No, it's not my growing caffeine addiction. No, I'm not talking about all the crap food I've been eating either. Nor am I talking about starring at Reddit on my phone at 2am and wondering why my insomnia is getting worse.


Reddit Logo
It's eyes are red because it never sleeps.

Ok, I have multiple bad habits, but most of them tie back into the thing I want to talk about today. So let's just pretend I have only one bad habit for now.


I'm talking about my habit of neglecting myself. It's taken me a long time to really accept that I do this, despite my counsellor telling me constantly for more than eight years of semi-regular check ins that I need to take more self-care time. The reason I'm finally acknowledging this, and the reason I'm writing about it on a website I designated to be all about writing, is because after a mini-break down last week I've noticed how it influences my work in a vicious cycle that needs to be broken.


The cycle goes like this.


I'll take some time and get myself in order. I'll eat well, I'll get in plenty of exercise, and I'll take the time to look after my mental well-being through meditation and just giving myself the space to breath, generally while there's no big projects going on (or just after something has happened that I feel gives me permission to be lazy for a little while).

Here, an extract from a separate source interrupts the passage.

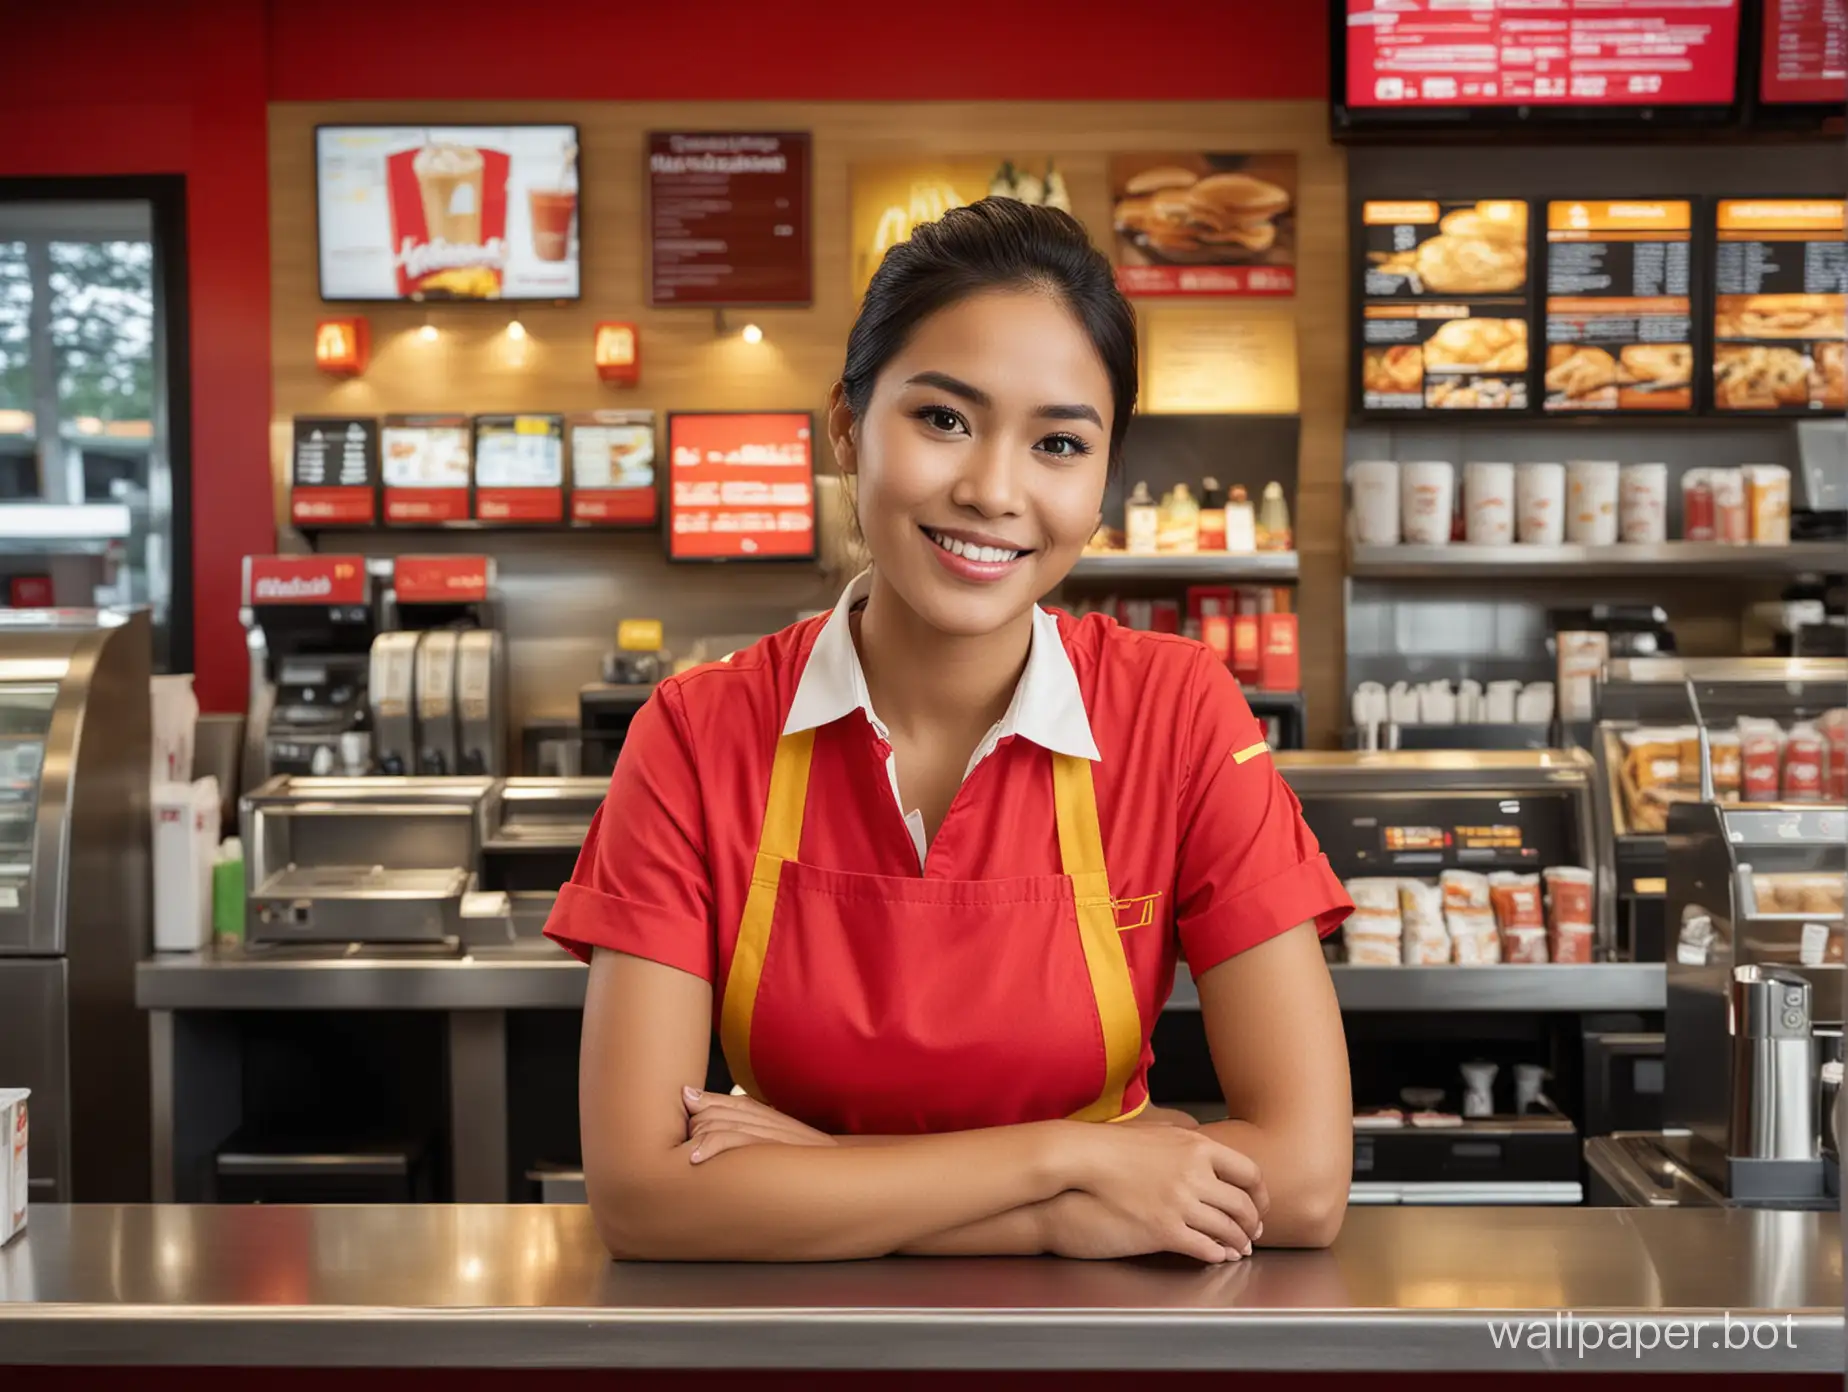 Indonesian-Female-Barista-in-Red-McDonalds-Apron-Operating-POS-System-with-Engaging-Smile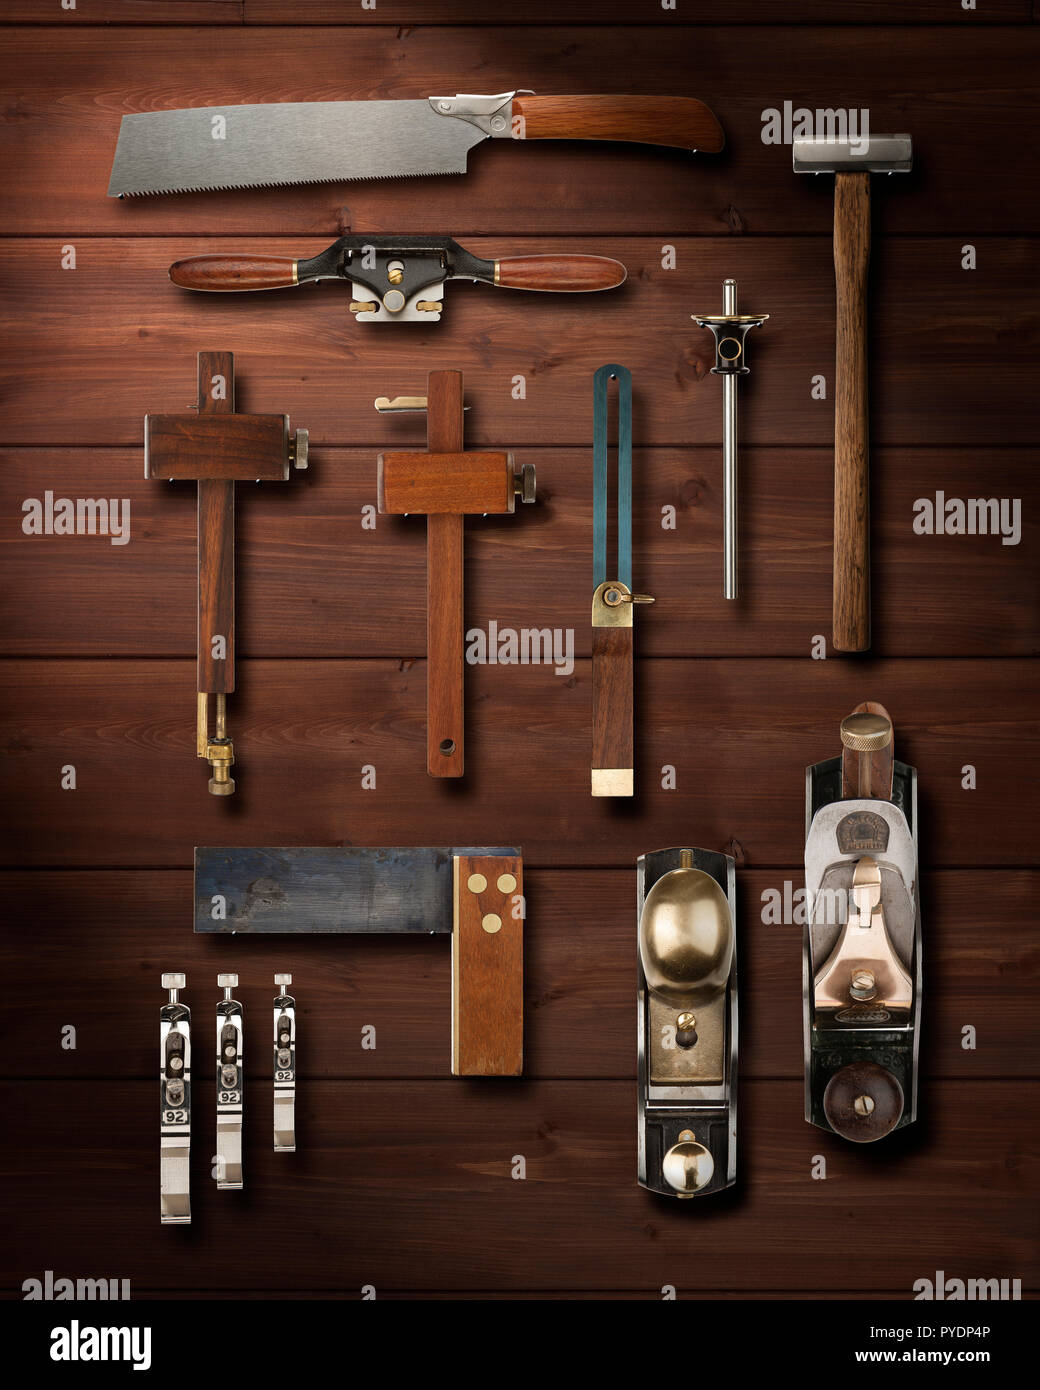 Old School Tools High Resolution Stock Photography and Images - Alamy

Since I'm feeling so good, I start to write, because writing is my passion and always has been. I fall into a flow state easily, and have a few days of impressive productivity. Inevitably, because I am an ambitious person by nature, I'll decide on a new project to begin, because I feel like I have all the time in the world and can accomplish so much in a single day that I need something more to fill the time.


Then... Things go bad. I get so focused on putting everything I have into that goal, that everything else kind of gets forgotten. I stop having time to walk, time to cook well, time to really do anything BUT that project. I get utterly obsessive about it. Which works wonders if it's a short project I can smash out in a day of full commitment - but like holding your breath, it isn't sustainable for more than occasional short bursts.



Workdesk
Drink ALL the coffee! Do ALL the work! Burn out and sleep for a week!


So after a few days of letting everything else fall to the side, telling myself I'll pick it all up again once the project is done, I start to fall apart. I start feeling like I don't have enough time in the day, I start feeling like I'm just not good enough. My mental health, already on the more fragile side from two decades of dealing with depression, starts to fall. All the while I'm telling myself that all I need is to just put more work in, to become more obsessive, to just get the thing finished faster, because it's always been once the thing is done that I go back to "normal life".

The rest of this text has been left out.